Self-preservation is the quintessential life instinct. In human beings, it can manifest itself in any number of creative ways: Lying, cheating, stealing and—more common still—saying all the right things even when you know you’re probably doomed.
So it came as no surprise when, during an interview with ESPN’s Ryan Ruocco and Stephen A. Smith, Woodson sounded downright effusive in his praise for the move. (Via ESPN New York’s Ian Begley.)
I have a great deal of respect for Phil and what he's done over his coaching and his playing days in our league. He's been extremely successful. And if the Knicks are entertaining that, the guy's got a great basketball mind for the game.
Yeah, it really isn’t, though. Not when your team—a team that won 54 games a year ago, remember—is fighting for its playoff life in one of the weakest conferences in the history of North American sports.
The focus now turns to whether it will be Jackson himself who ends up giving Woodson the axe, or whether the Zen Master will wait until the season is over before burrowing headlong into the considerable mess that is the franchise’s future.
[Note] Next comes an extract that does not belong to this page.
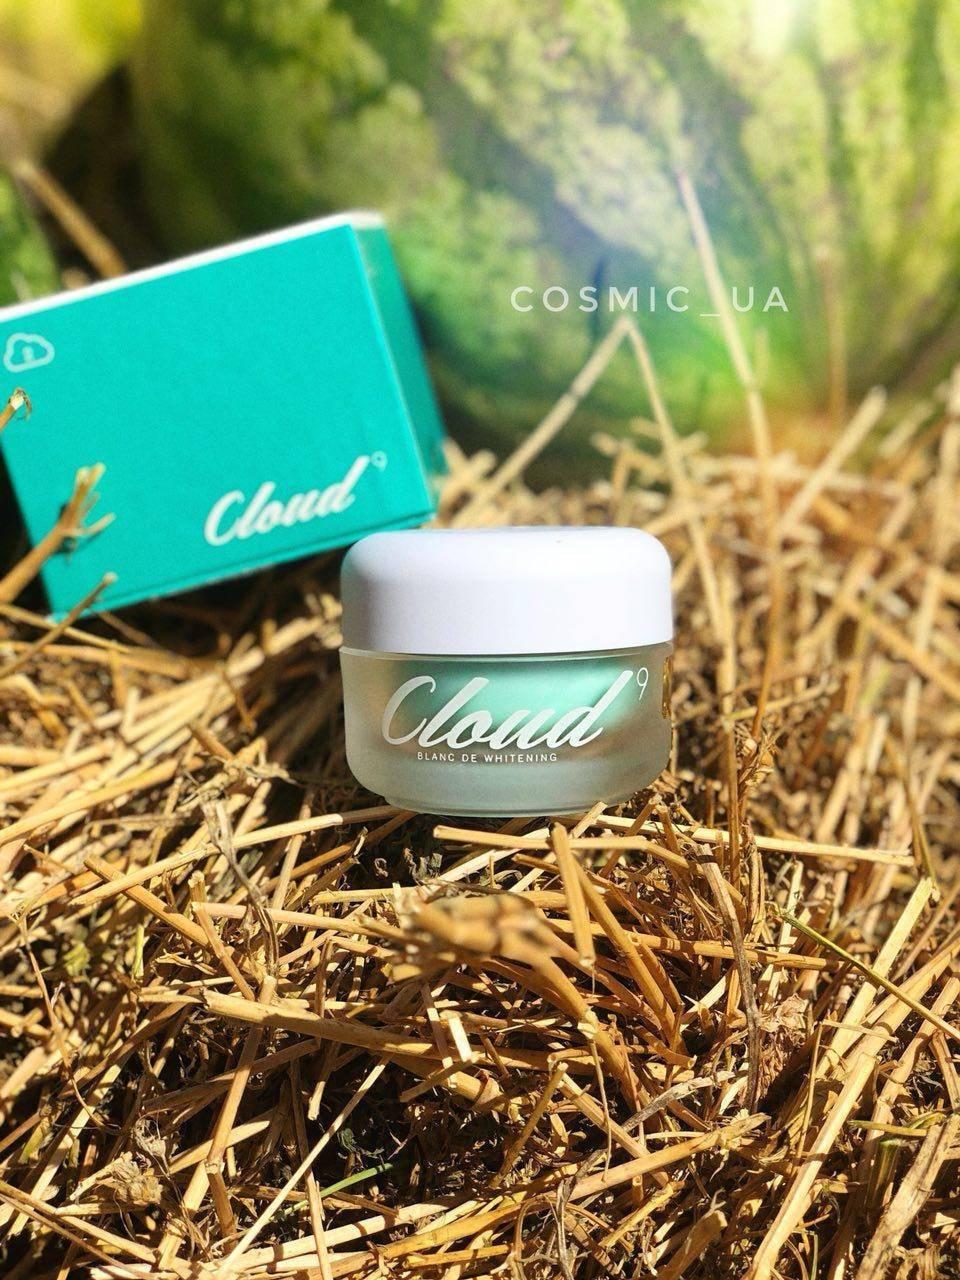 Крем Выравнивание Тона, Увлажнение И Питание С Цветочными Экстрактами Claires Cloud 9 Blanc De White Cream 0

If that time comes, if and when that time comes, I would just love the chance to sit with him and talk basketball...This is 30 years I've spent in this league, so that's what we'll do. But until that happens, my focus is strictly on trying to get this team in the playoffs.
Translation: “I just want one chance to tell my side of the story. After all, I wasn’t the one who shopped for the groceries. I’m just paid to cook the—OK, now why are you reaching for that red button. Do you really want to do that, Phil? Let’s just talk about this a little mo—.”
Not everyone sees the Jackson hire as a game-changing boon, however. Take Posting & Toasting’s Seth Rosenthal, who, in an impassioned column penned on Monday, lambasted New York’s steadfast insistence on quick-fix solutions and big-name Band-Aids.
If I may: The Knicks are in a desert. The Knicks have a bottle of water. They dump the water in the sand because f--k the water. They become thirsty. Luckily, there is an oasis with more water. But f--k the water. The Knicks insist on having champagne airlifted in from thousands of miles away even though champagne is extremely expensive and might not last the trip intact and might make them drunk and disoriented and doesn't necessarily even quench thirst...Any other team drinks water when it's thirsty.
Whatever comes of Jackson’s tenure, Mike Woodson is most certainly a dead coach walking. As such, the course the Knicks chart for themselves from here on forward won’t be hinted at by whether Jackson lets him go, but the manner in which he does it.